## Stored data
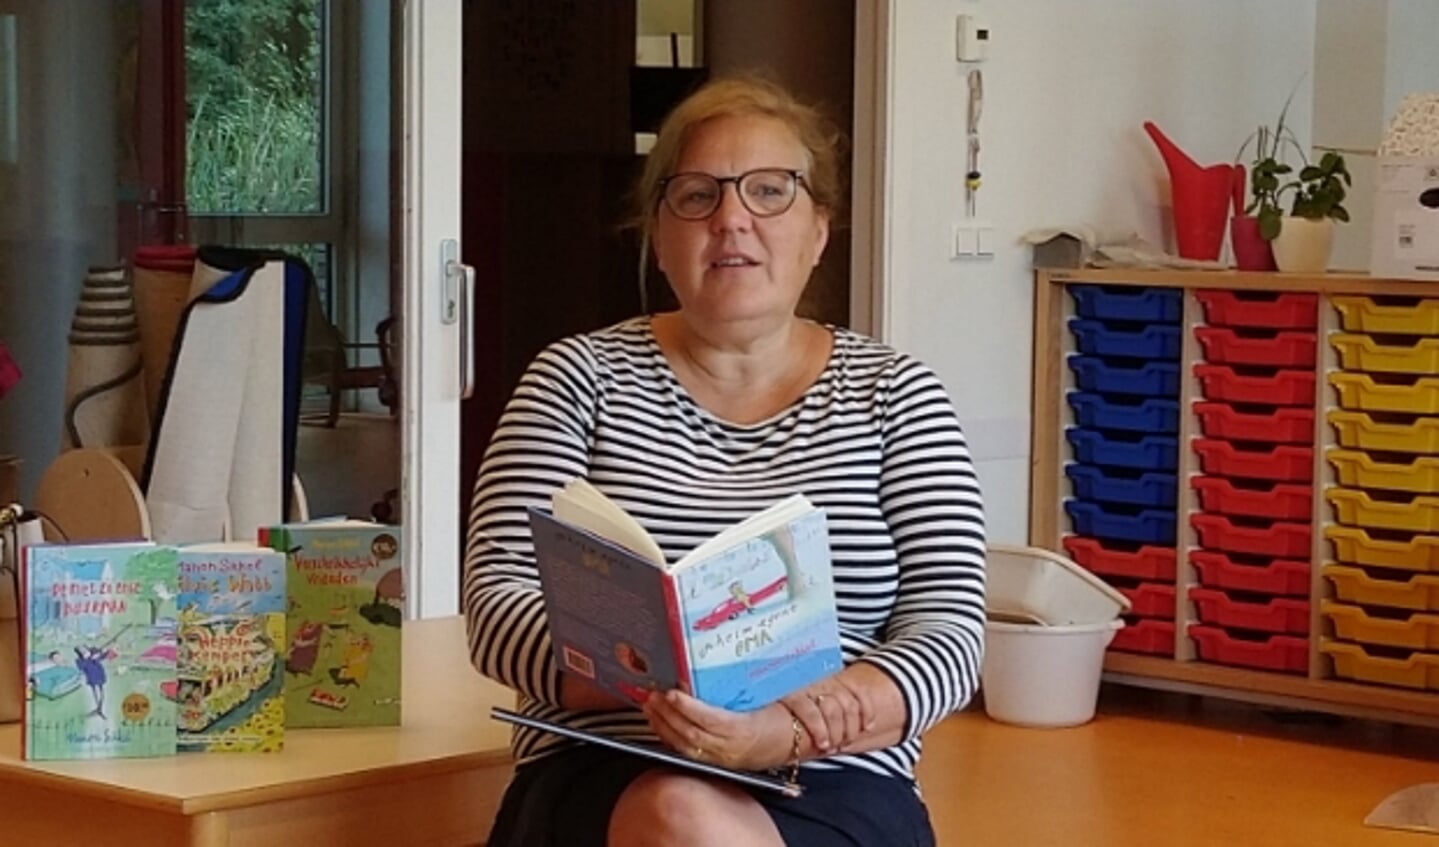 Schrijfster Manon Sikkel las afgelopen donderdag voor in jenaschool de Zevensprong. Foto: Jeannette Broer van der Ham
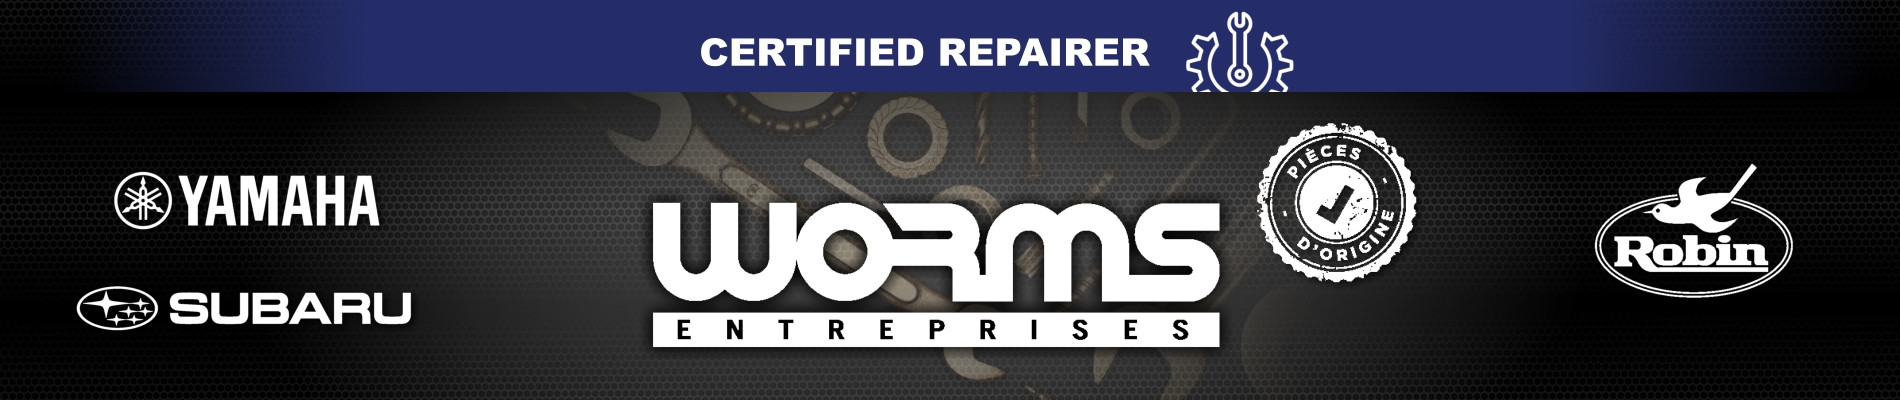 Worns certified repairer
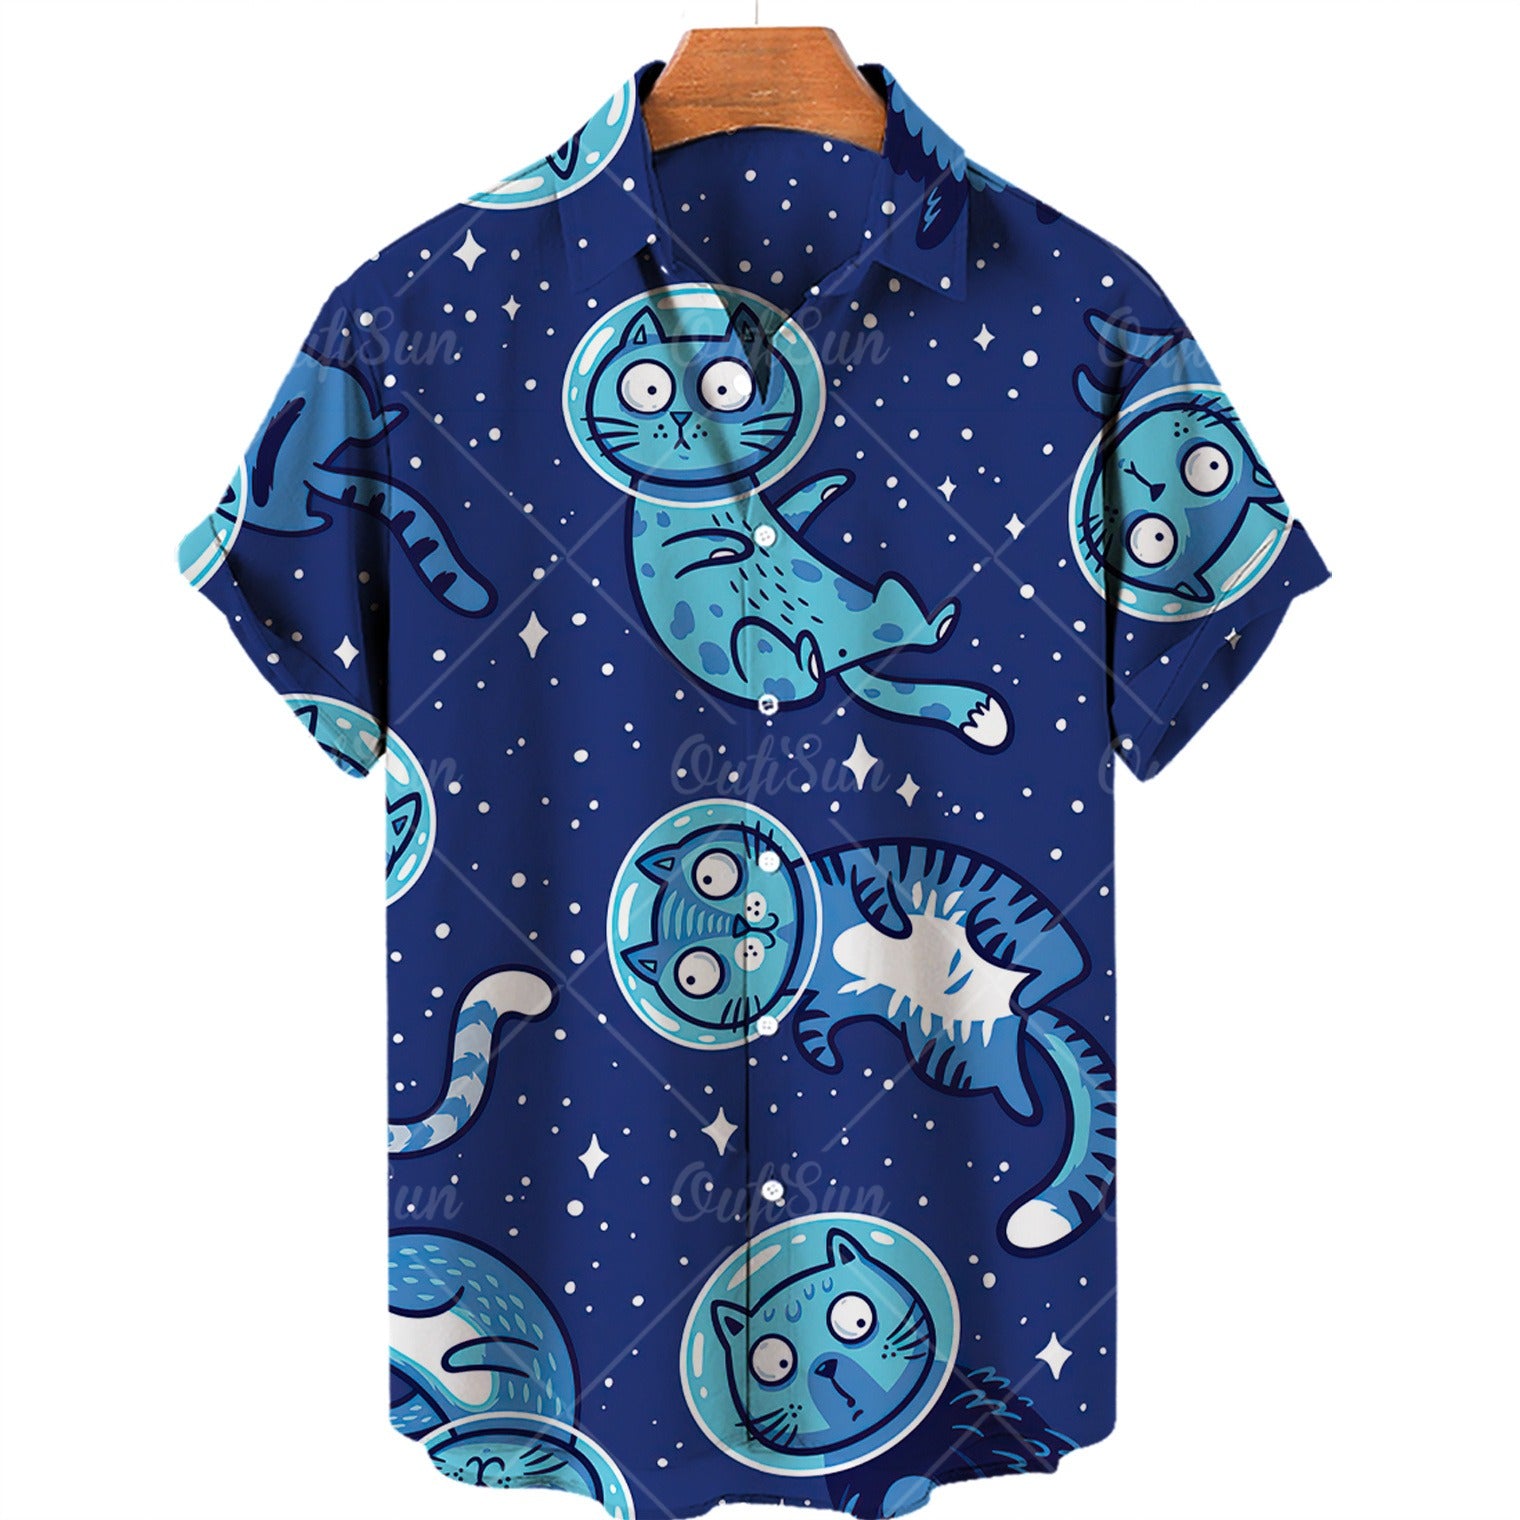 AstroKitty Shirt
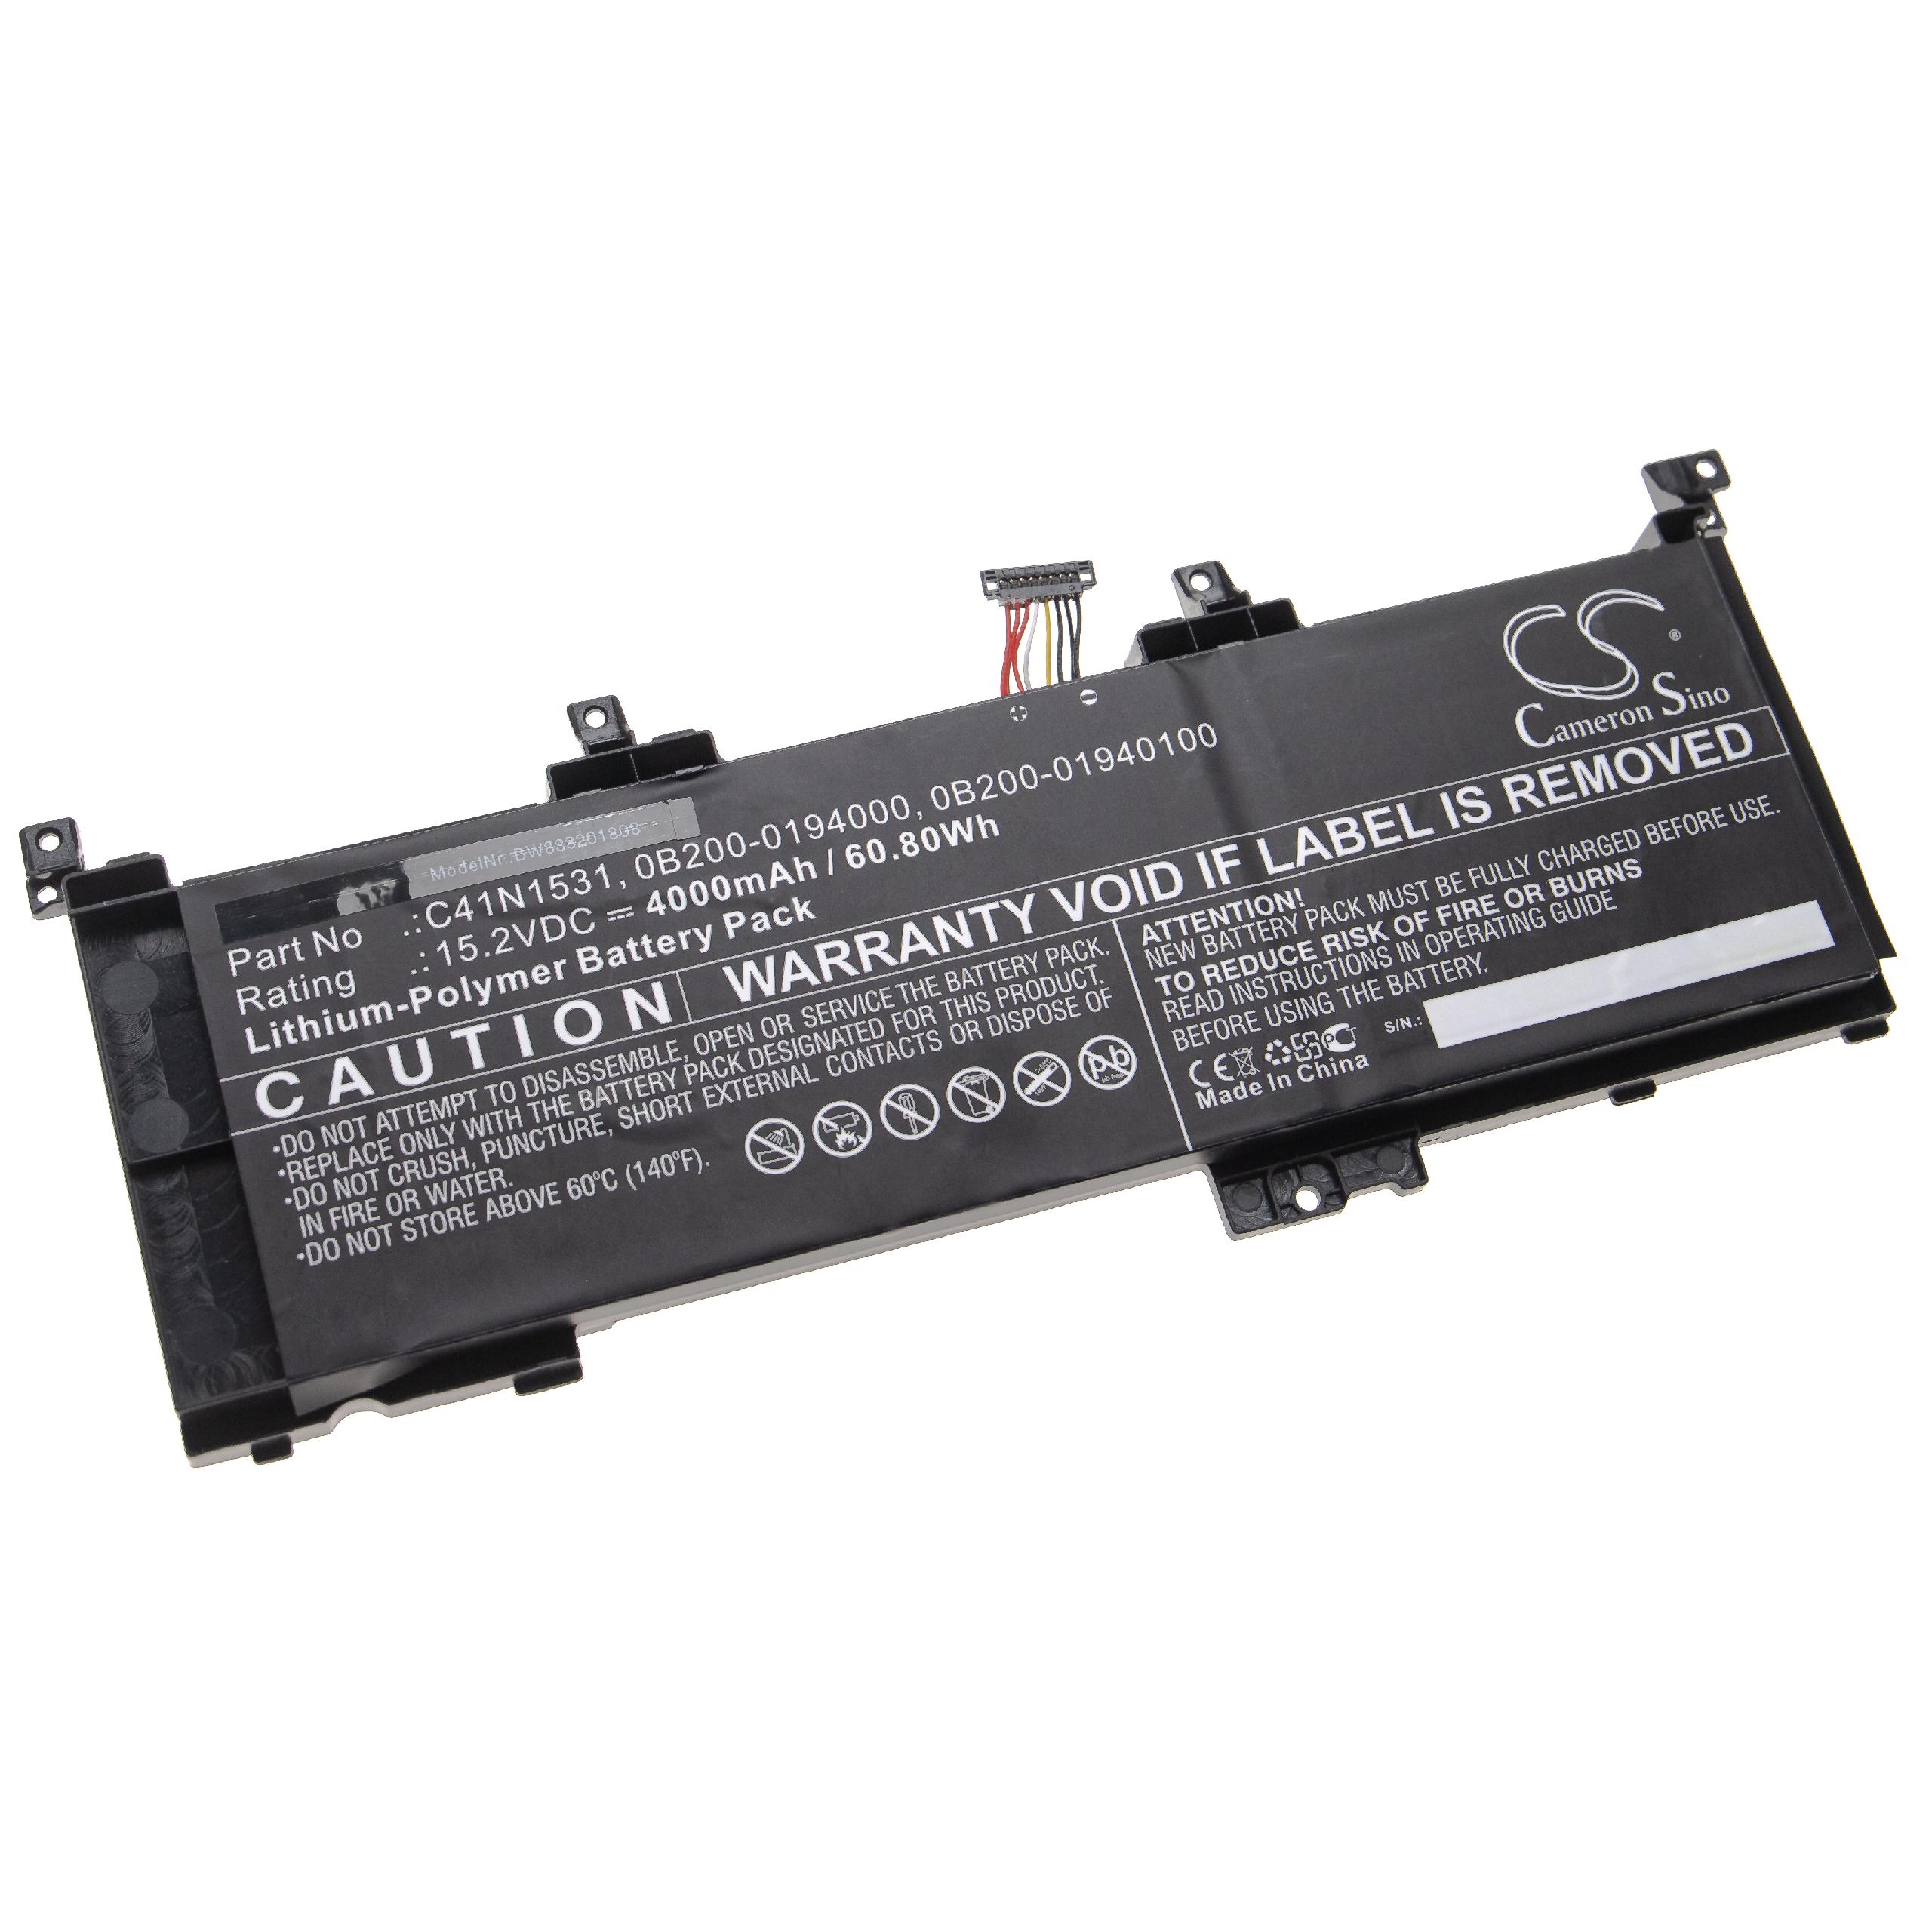 Batterie remplace Asus 0B200-0194000, 0B200-01940100 pour ordinateur portable - 4000mAh 15,2V Li-polymère

## Goal of the exercise
Leaving out the images, repeat the listing above exactly.

## Response area
 Schrijfster Manon Sikkel las afgelopen donderdag voor in jenaschool de Zevensprong. Foto: Jeannette Broer van der Ham
 Worns certified repairer
 AstroKitty Shirt
 Batterie remplace Asus 0B200-0194000, 0B200-01940100 pour ordinateur portable - 4000mAh 15,2V Li-polymère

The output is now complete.